▶ _WORK INSTRUCTION_
With pictures removed, the data below should be returned exactly.

▶ _DATA SECTION_

━━━━

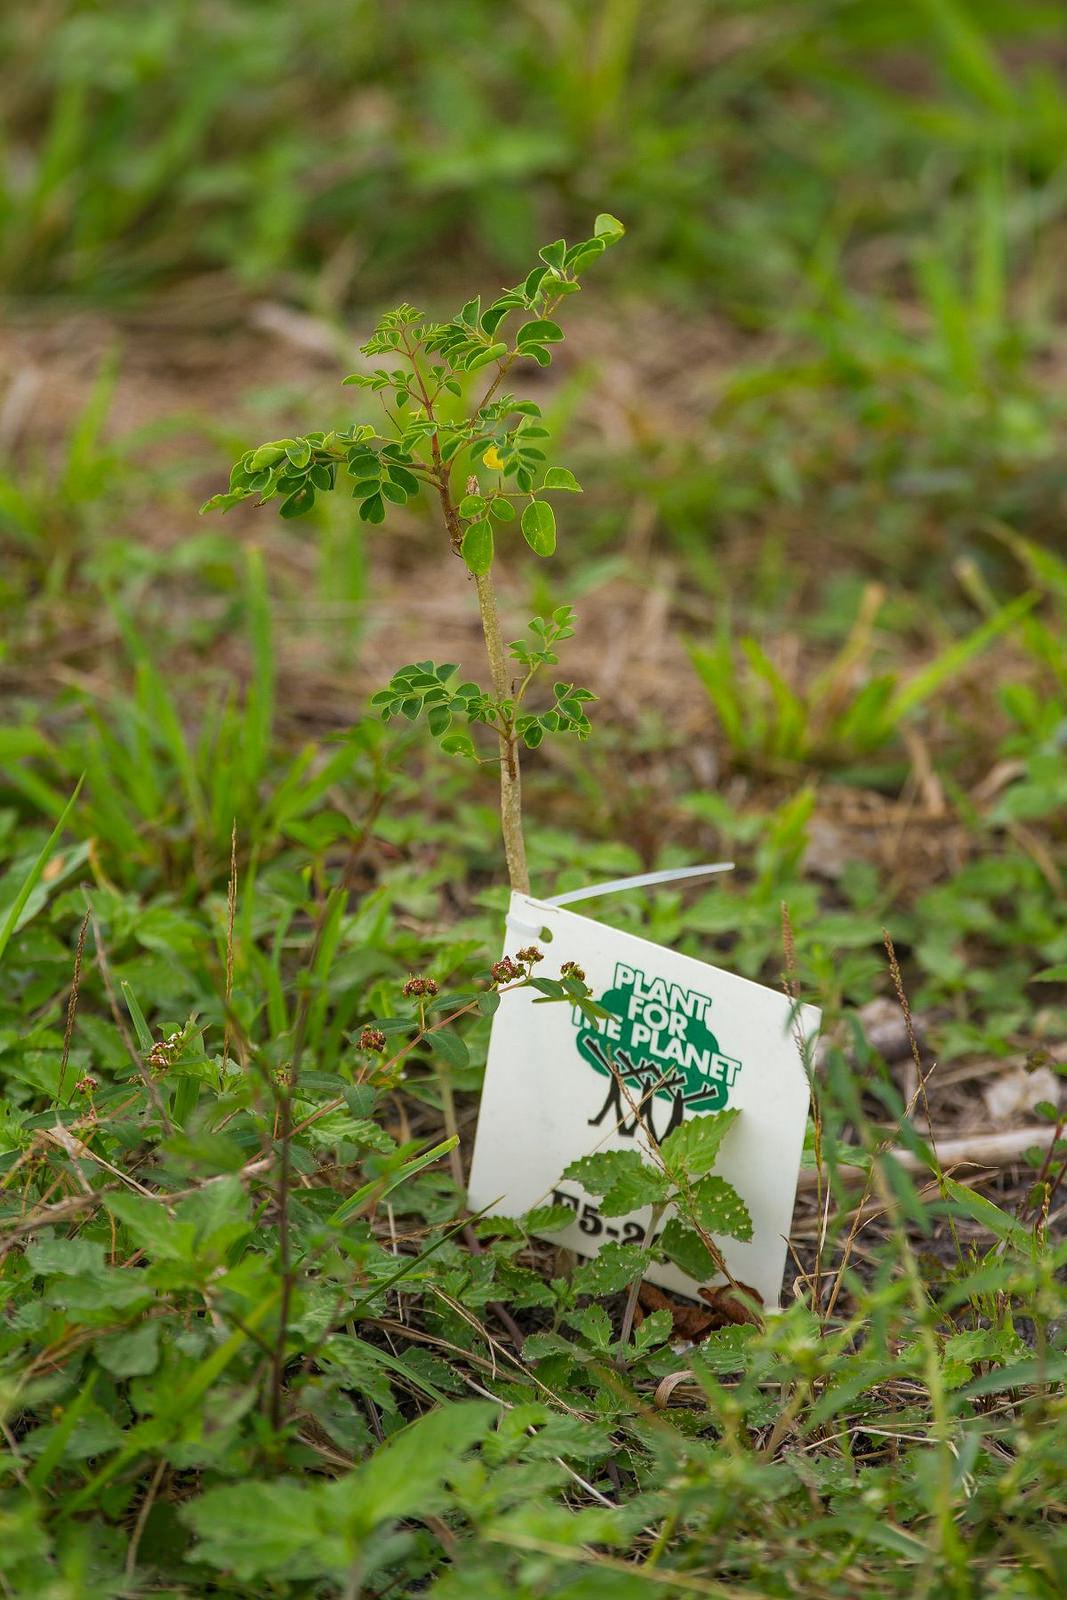 Plant-for-the-Planet -Bundesverdienstkreuz für Plant-for-the-planet & Soulcover wird klimaneutral bis 2020
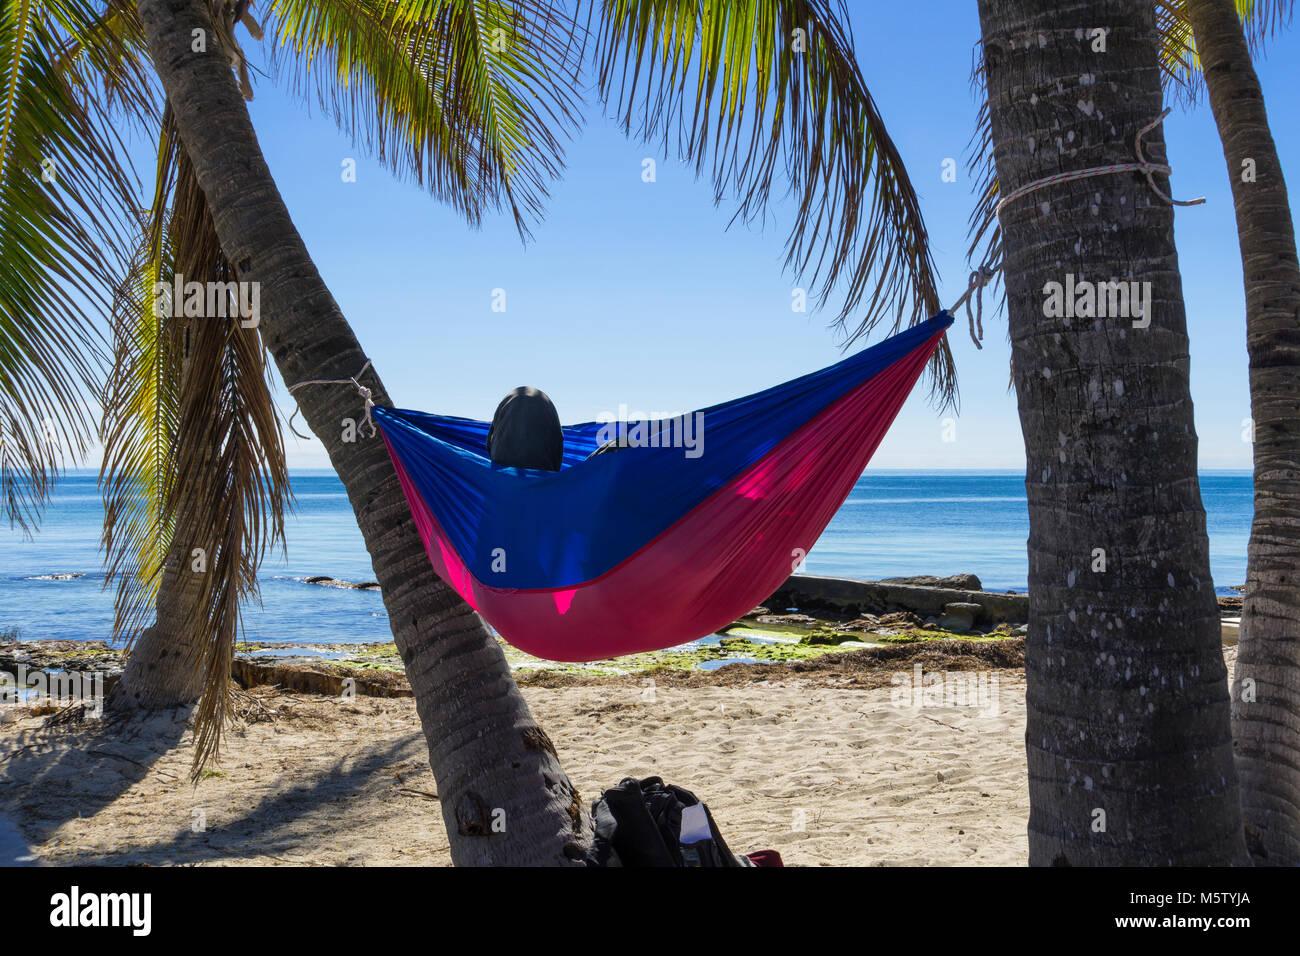 usa florida colorful hammock hanging between palm tree trunks at white sand beach usa florida colorful hammock hanging between palm tree trunks at      rh   alamy
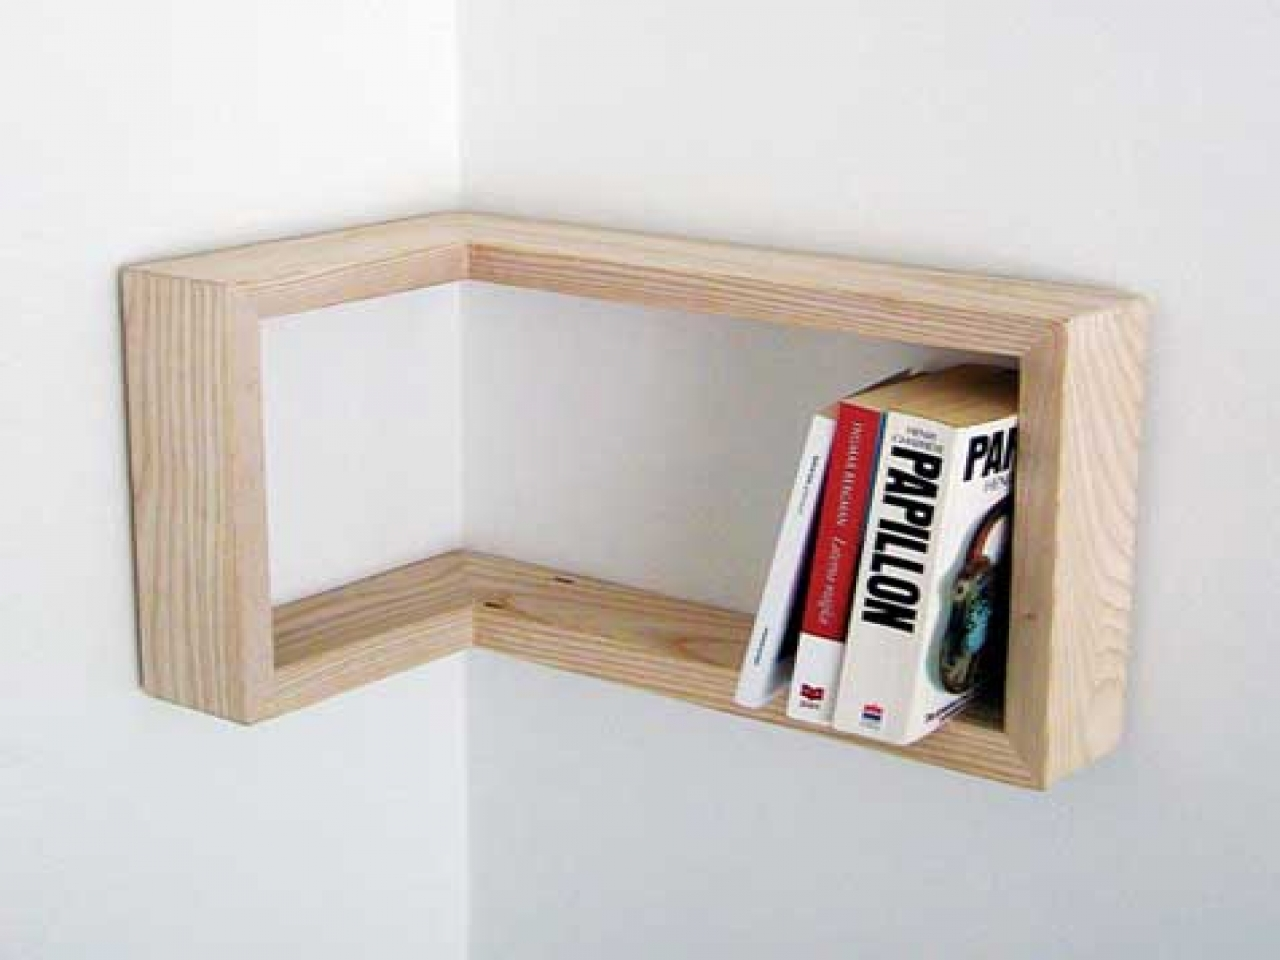 Smothery Home Bookshelf Designs Home Ways To Diy Shelves Wall Shelf Designs home decor Shelf Designs For Home

━━━━

▶ _REPLY_
 Plant-for-the-Planet -Bundesverdienstkreuz für Plant-for-the-planet & Soulcover wird klimaneutral bis 2020
 usa florida colorful hammock hanging between palm tree trunks at white sand beach usa florida colorful hammock hanging between palm tree trunks at      rh   alamy
 Smothery Home Bookshelf Designs Home Ways To Diy Shelves Wall Shelf Designs home decor Shelf Designs For Home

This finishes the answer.